Task instructions = Skip every picture, and output exactly the lines starting at the one with "lyst burberry knit" and running through the last line of the material below.

Given data =

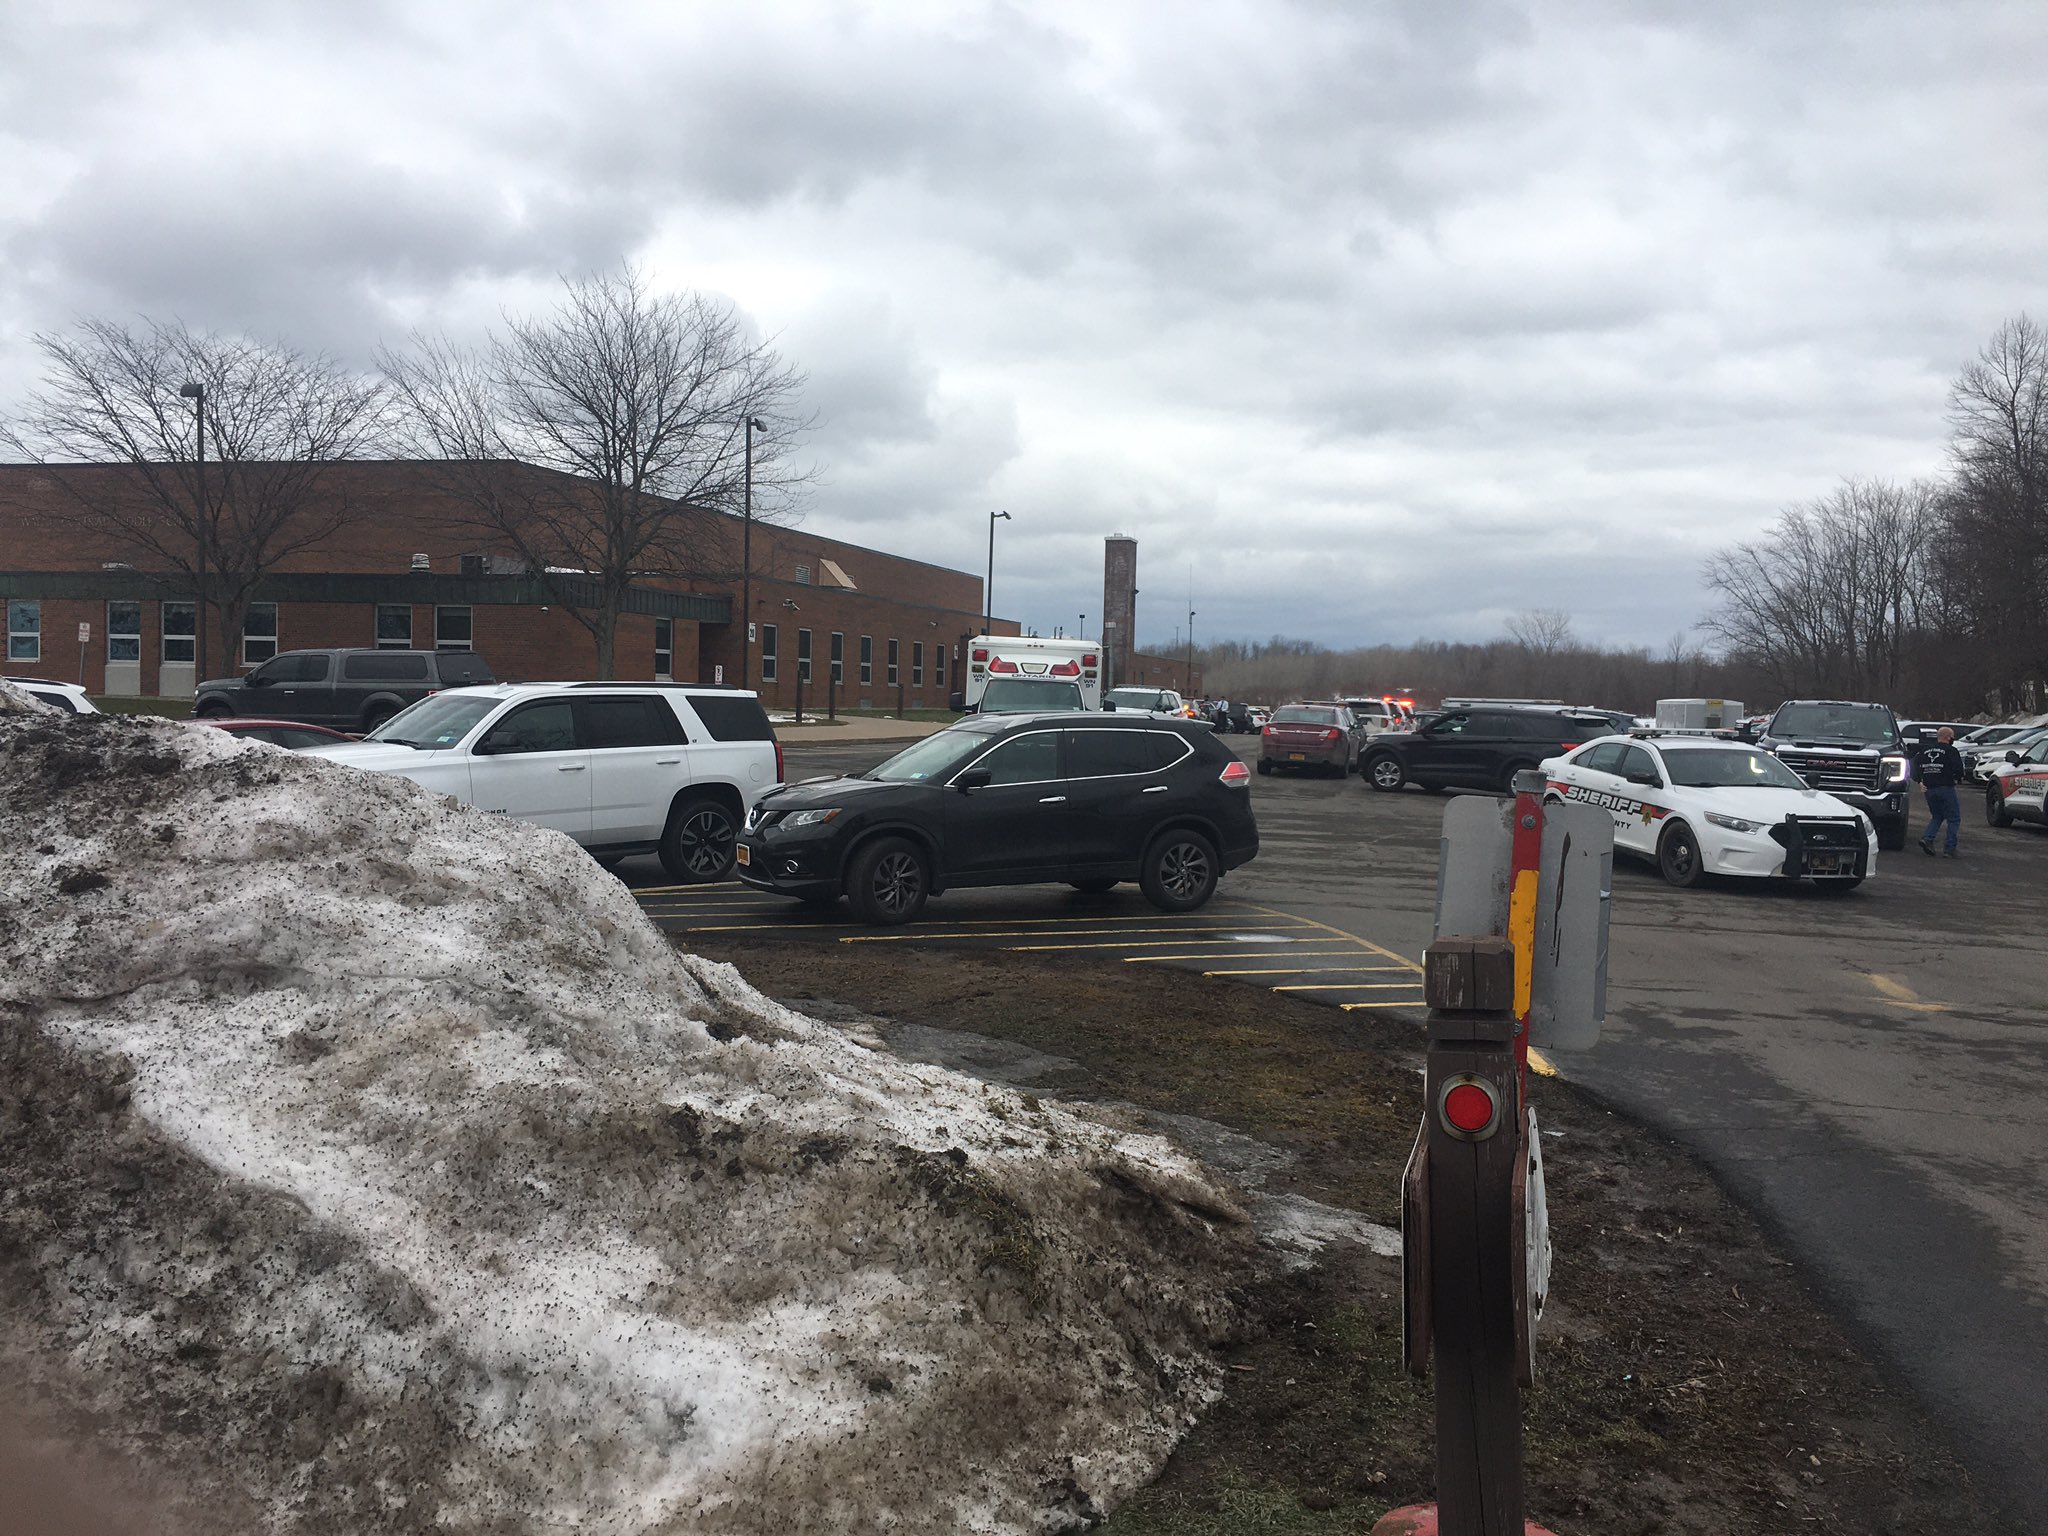 Police investigation underway at Wayne Middle School, resource officer injured
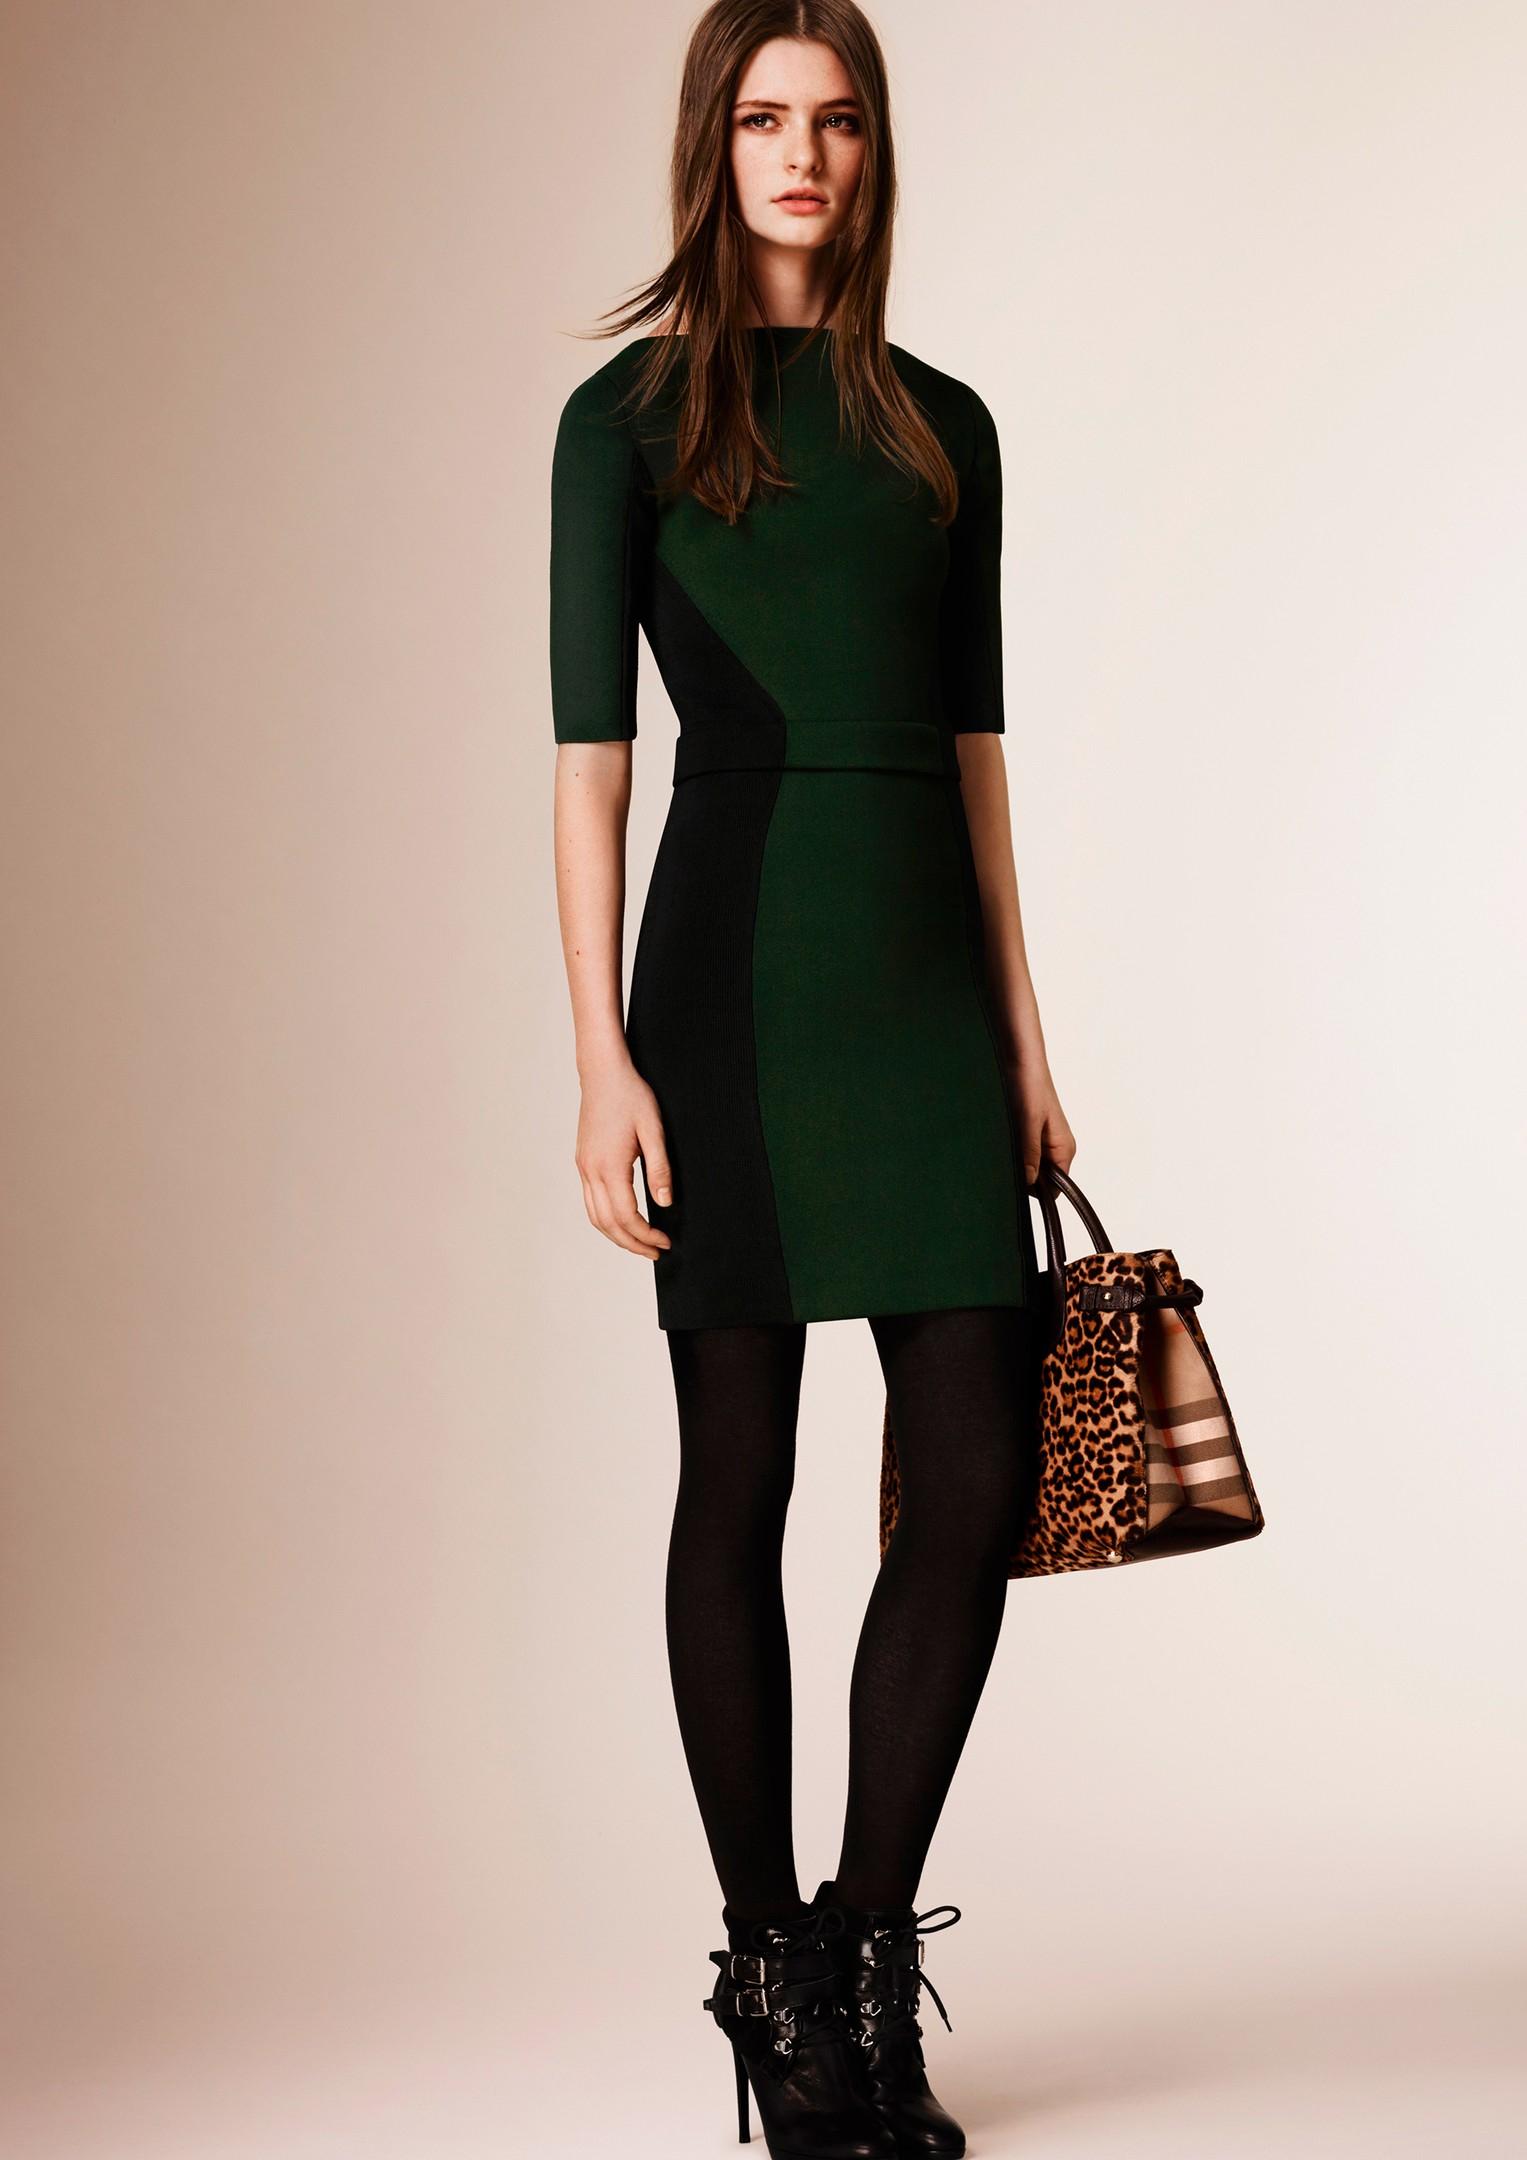 lyst burberry knit dress in green. Black Bedroom Furniture Sets. Home Design Ideas
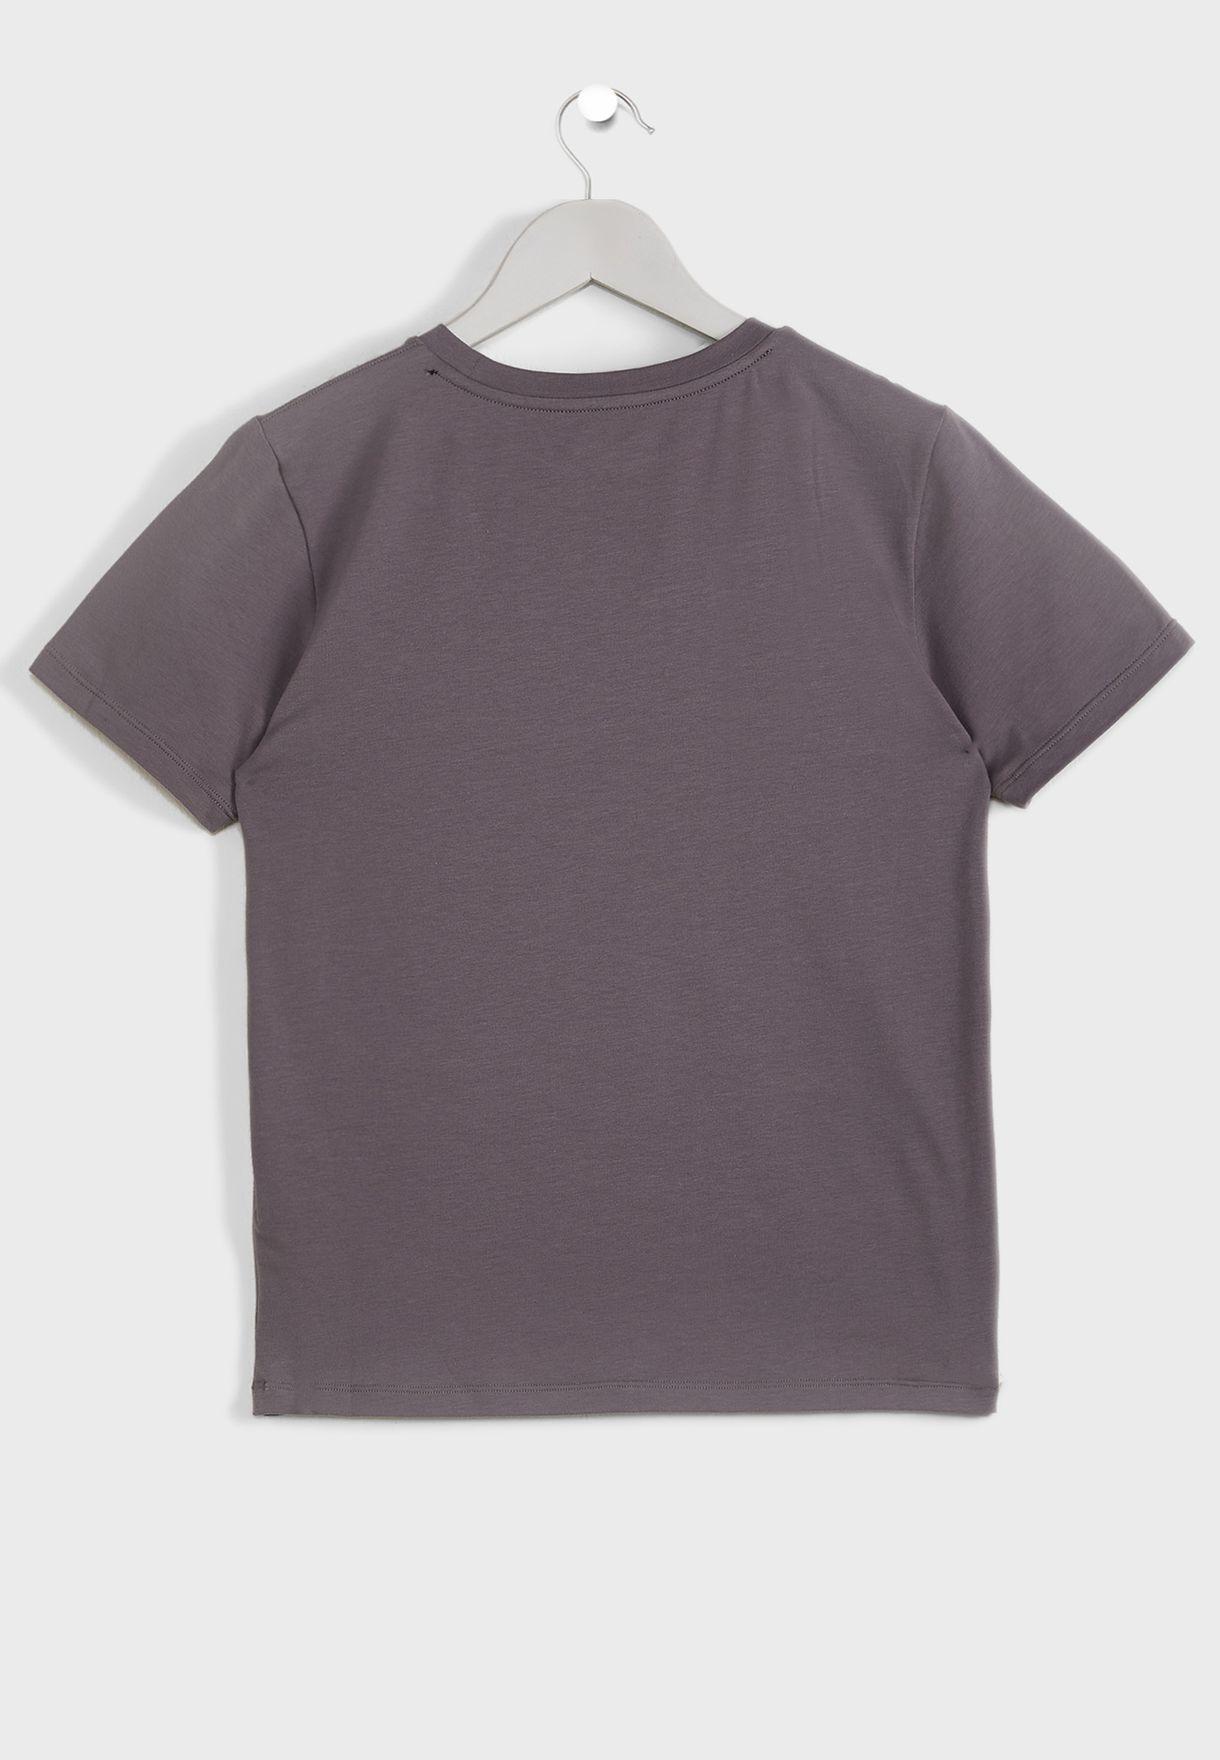 Teen Casual Set Shorts+T-Shirt

Written reply =
 lyst burberry knit dress in green. Black Bedroom Furniture Sets. Home Design Ideas
 Teen Casual Set Shorts+T-Shirt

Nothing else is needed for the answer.